Pay special attention to the relationship between missing values and your target variable. If records with missing income data are disproportionately from low-income users who skipped the field, imputing with the column mean introduces systematic bias. Visualize missingness patterns with a heatmap — columns that are frequently missing together often share a causal reason, which itself is useful signal.
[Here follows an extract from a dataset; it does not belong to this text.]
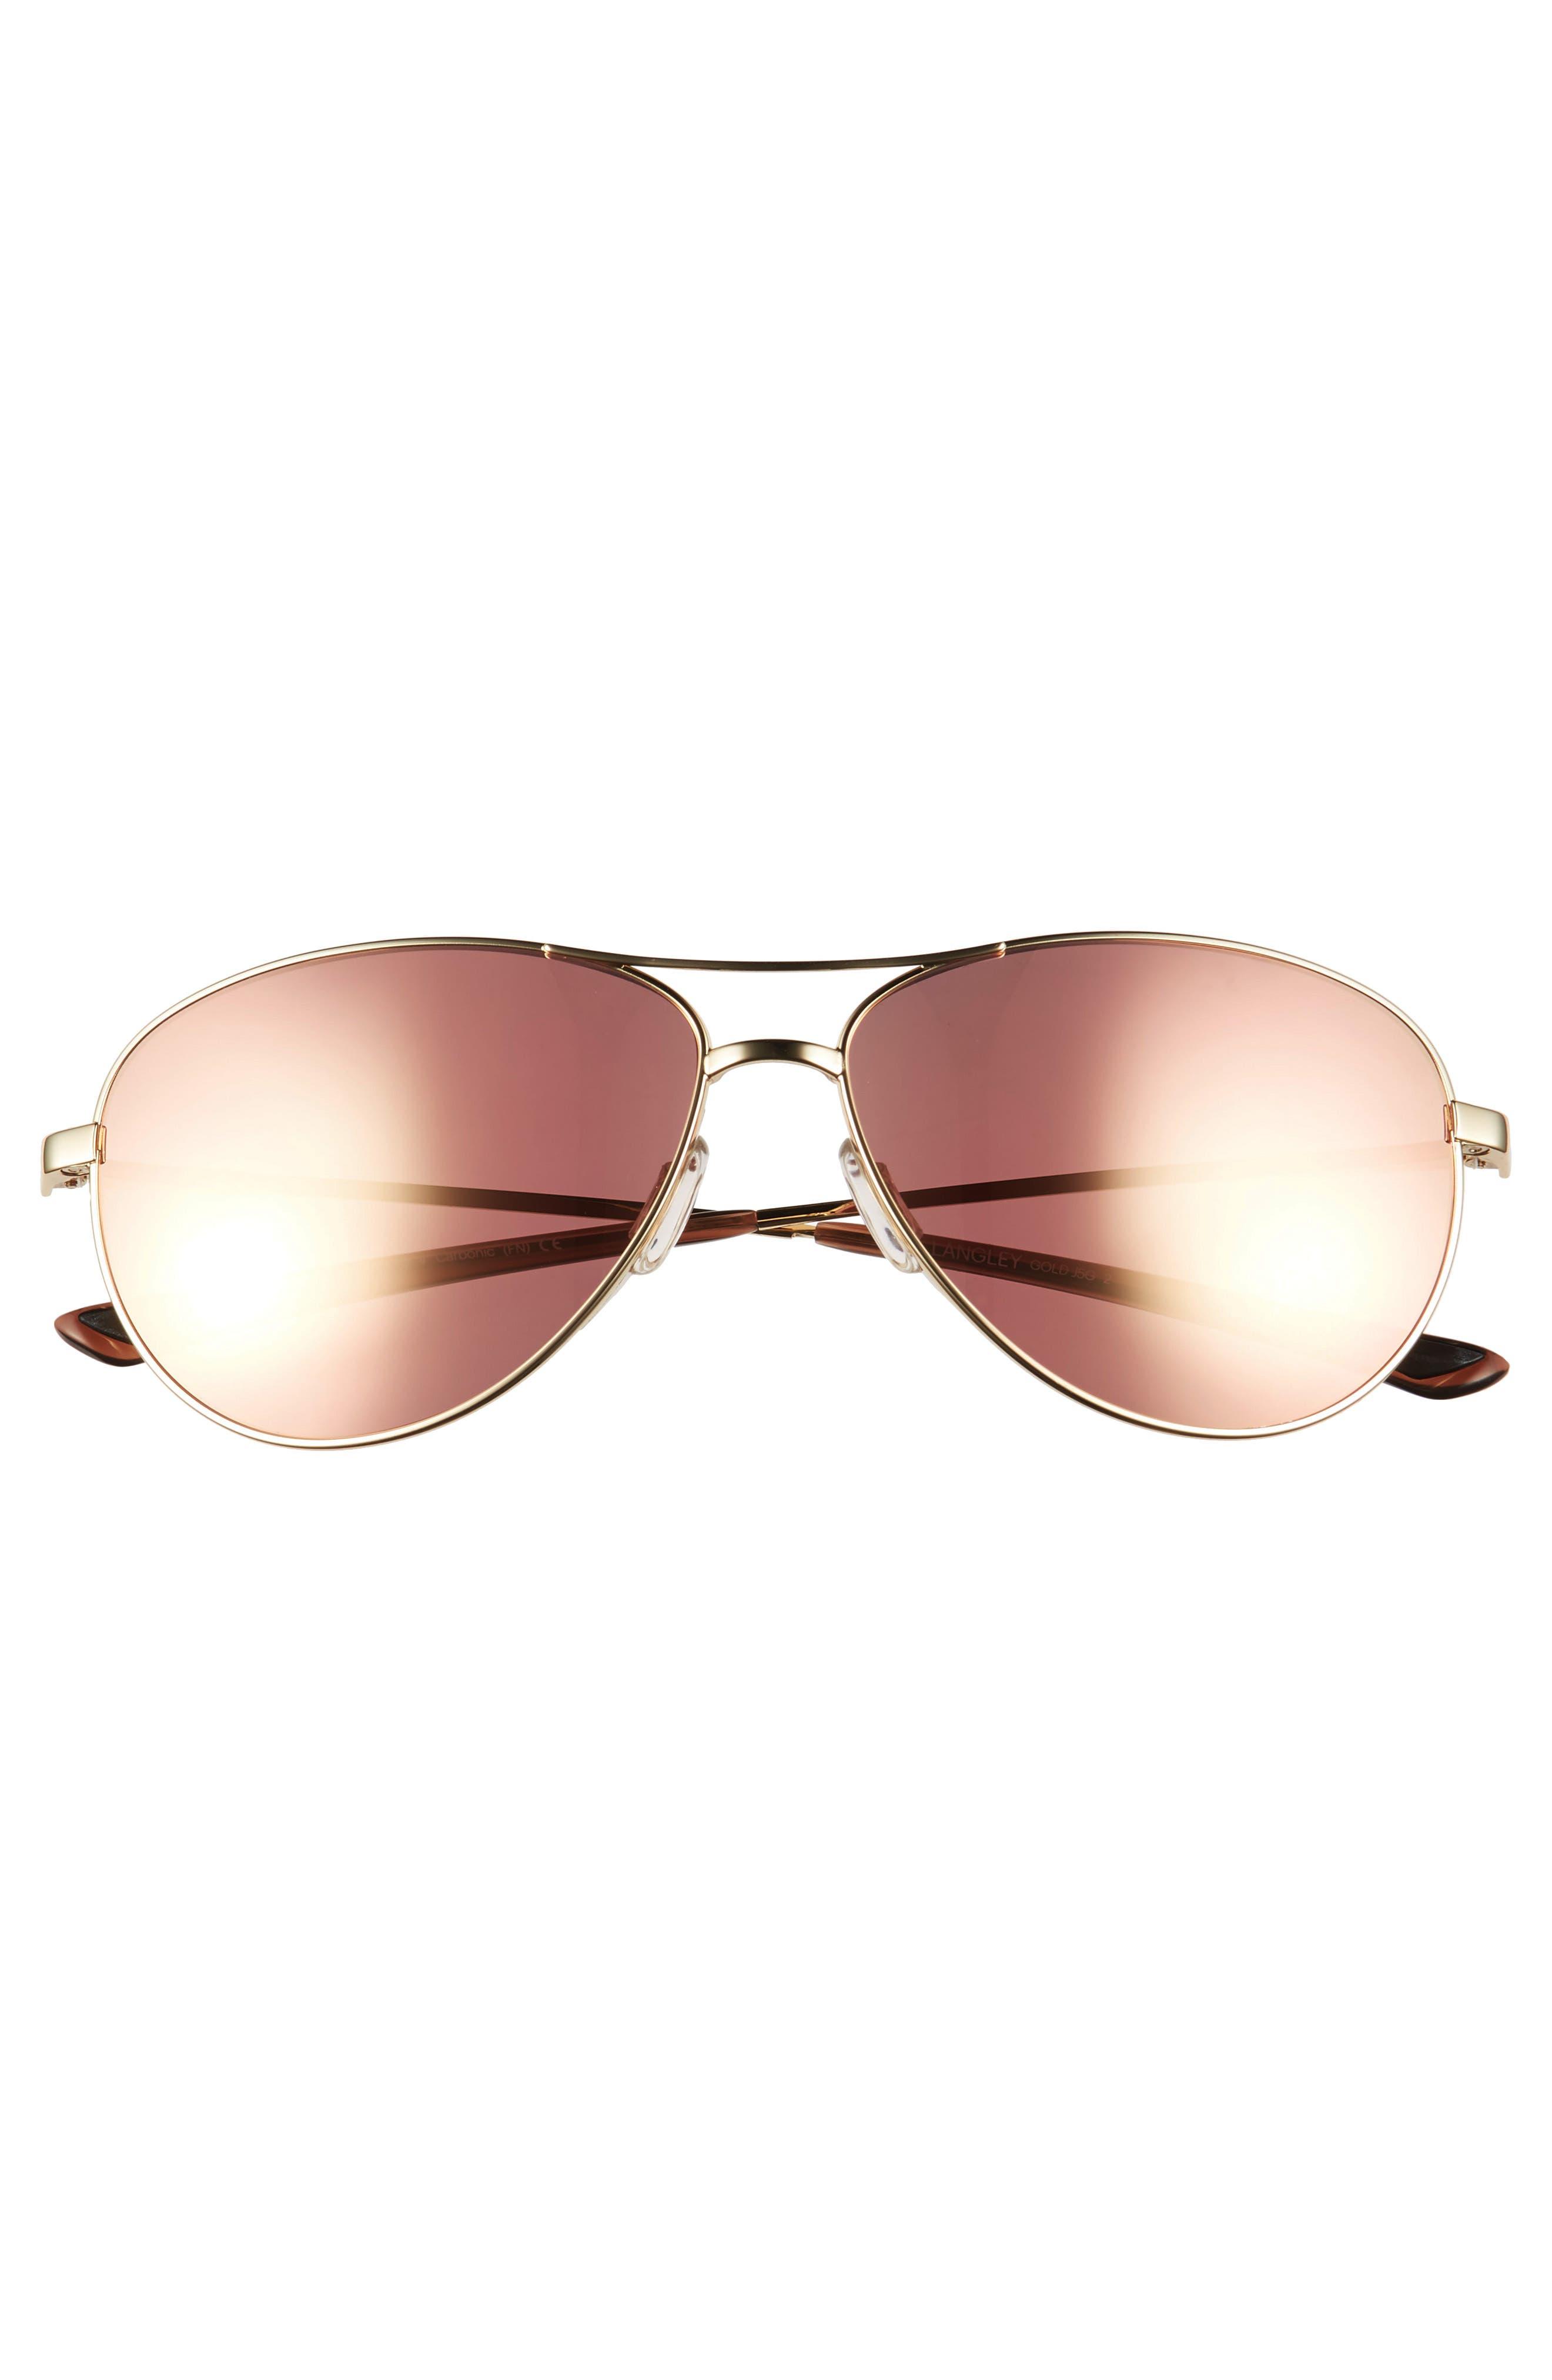 SMITH,                             'Langley' 60mm Aviator Sunglasses,                             Alternate thumbnail 3, color,                             GOLD

Distributions, Outliers, and the Stories They Tell

A histogram tells you the shape of a distribution; a box plot tells you where the tails are; a violin plot tells you both. Use all three before deciding how to handle outliers. An observation three standard deviations from the mean might be a data entry error, a genuine extreme event, or an important edge case your model must handle correctly. Context determines the answer. For financial data, extreme values are often real — a 10-sigma price move during a flash crash is not noise. For sensor data, a negative temperature reading from a broken thermometer is.

import pandas as pd
import matplotlib.pyplot as plt
import seaborn as sns

def plot_numeric_summary(df: pd.DataFrame, col: str) -> None:
    fig, axes = plt.subplots(1, 3, figsize=(14, 4))
    df[col].hist(bins=50, ax=axes[0]); axes[0].set_title("Histogram")
    df.boxplot(column=col, ax=axes[1]); axes[1].set_title("Box Plot")
    sns.violinplot(y=df[col], ax=axes[2]); axes[2].set_title("Violin Plot")
    fig.suptitle(f"Distribution of {col}")
    plt.tight_layout()
    plt.show()

Feature Relationships and Target Correlation

Once you understand individual features, study how they interact with each other and with your target. A correlation matrix is a good start for numeric features, but Pearson correlation only captures linear relationships — supplement it with Spearman rank correlation and mutual information scores, which detect monotonic and nonlinear dependencies respectively. For categorical features, Cramér’s V measures association strength without assuming ordinality. The goal of EDA is not to find the single best feature but to build a mental model of the data-generating process: which variables move together, which are redundant, and which carry unique predictive signal that the model will rely on.